# Chain Catcher on Orca



## UGASkiDawg (Jun 23, 2008)

Has anyone used the Deda dog fang or any other chain catcher on their Orca? Before I order one I'd like to know if it will actually fit.


----------



## CHT (Mar 1, 2001)

It works no problem. I have the K-Edge chain catcher w/Record 10 braze-on and there are no issues.

http://www.competitivecyclist.com/road-bikes/product-components/2010-k-edge-chain-catcher-with-hfk-6263.2355.0.html


----------



## UGASkiDawg (Jun 23, 2008)

Thanks looks nice but holy smokes...$49 for a tiny piece of aluminum?? I thought the dog fang was expensive.


----------



## CHT (Mar 1, 2001)

UGASkiDawg said:


> Thanks looks nice but holy smokes...$49 for a tiny piece of aluminum?? I thought the dog fang was expensive.
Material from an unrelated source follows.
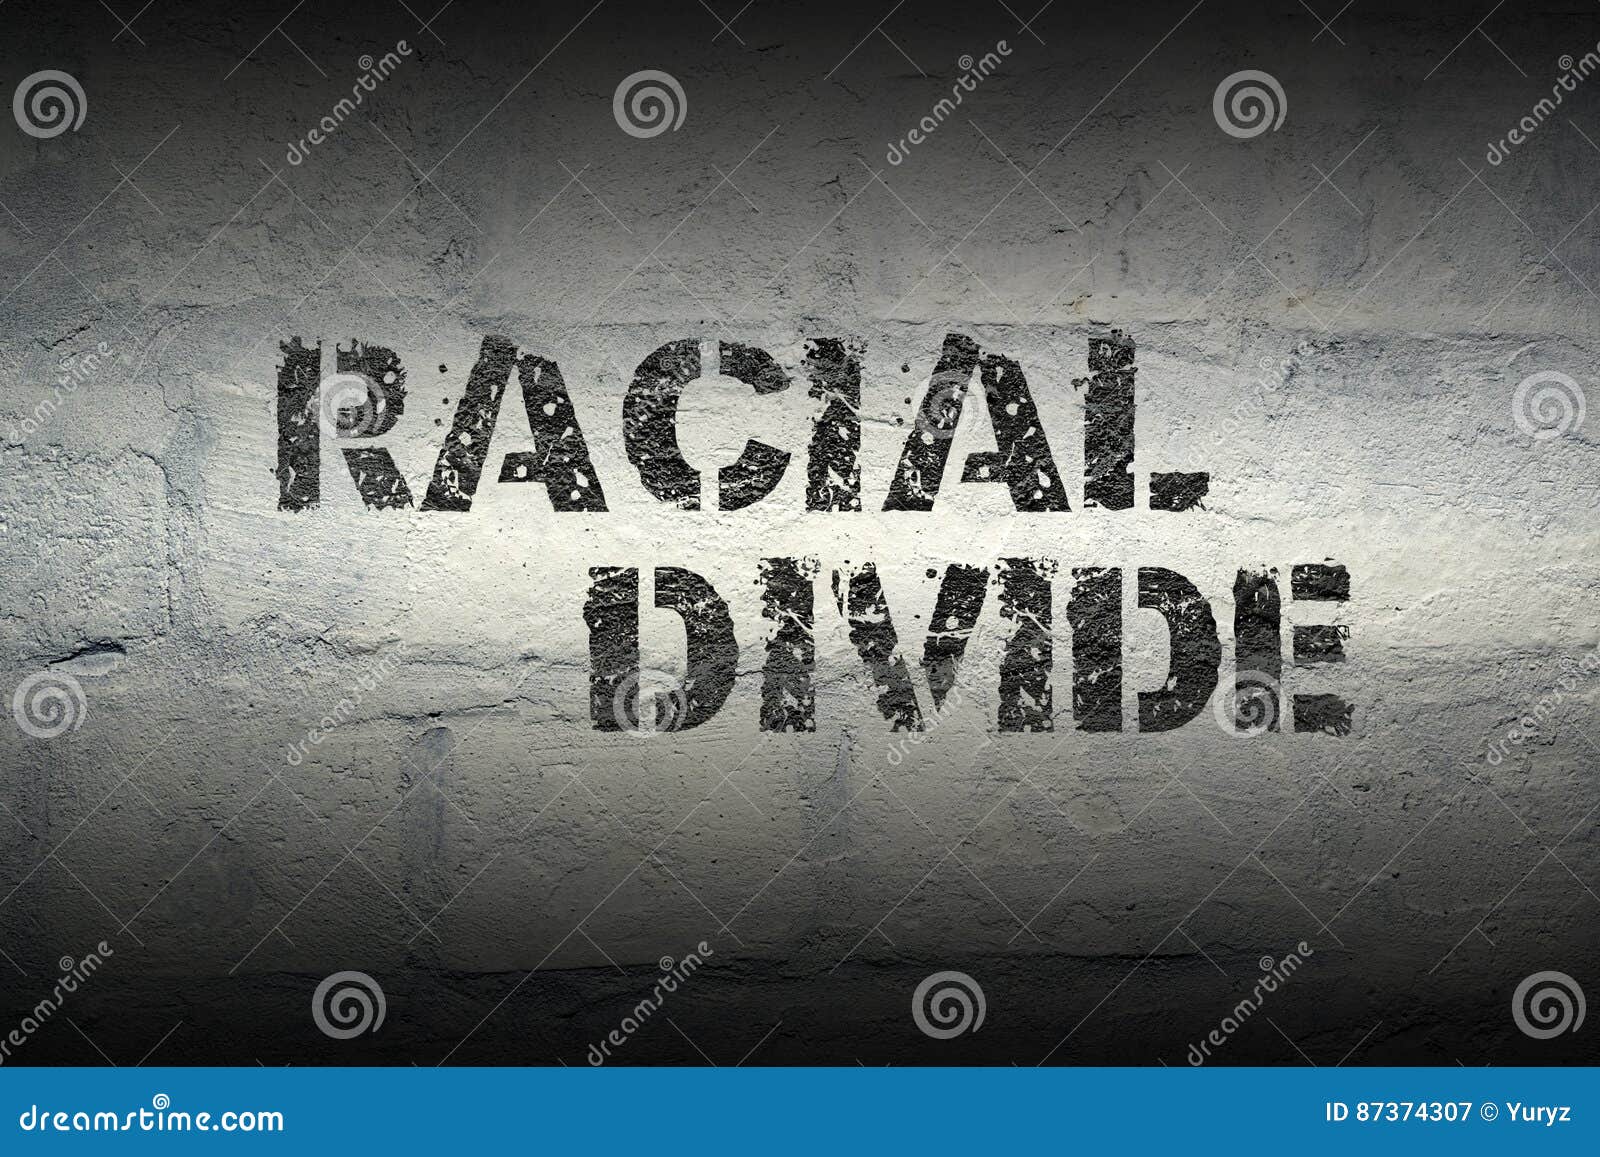 racial divide gr

LOL. My Orca was picked up slightly used and it was already on the bike. I didn't realize the cost until I posted the link. There are cheaper alternatives...they all look very similar and there is no reason they won't work w/the Orca.


----------



## dave2pvd (Oct 15, 2007)

Chain Tickler


----------



## MisterMike (Aug 12, 2004)

dave2pvd said:


> Chain Tickler


+1. I don't actually have dave2pvd's version but a similar DIY one. Had dave2pvd's been around when I made mine I probably just would have bought his. That type of design is very simple and very, very, effective. No clamps or other stuff to deal with. In my case nothing with a clamp would fit my Onix. Clamps may fit the Orca but the hang down from the FD types are going to work no mater what.


----------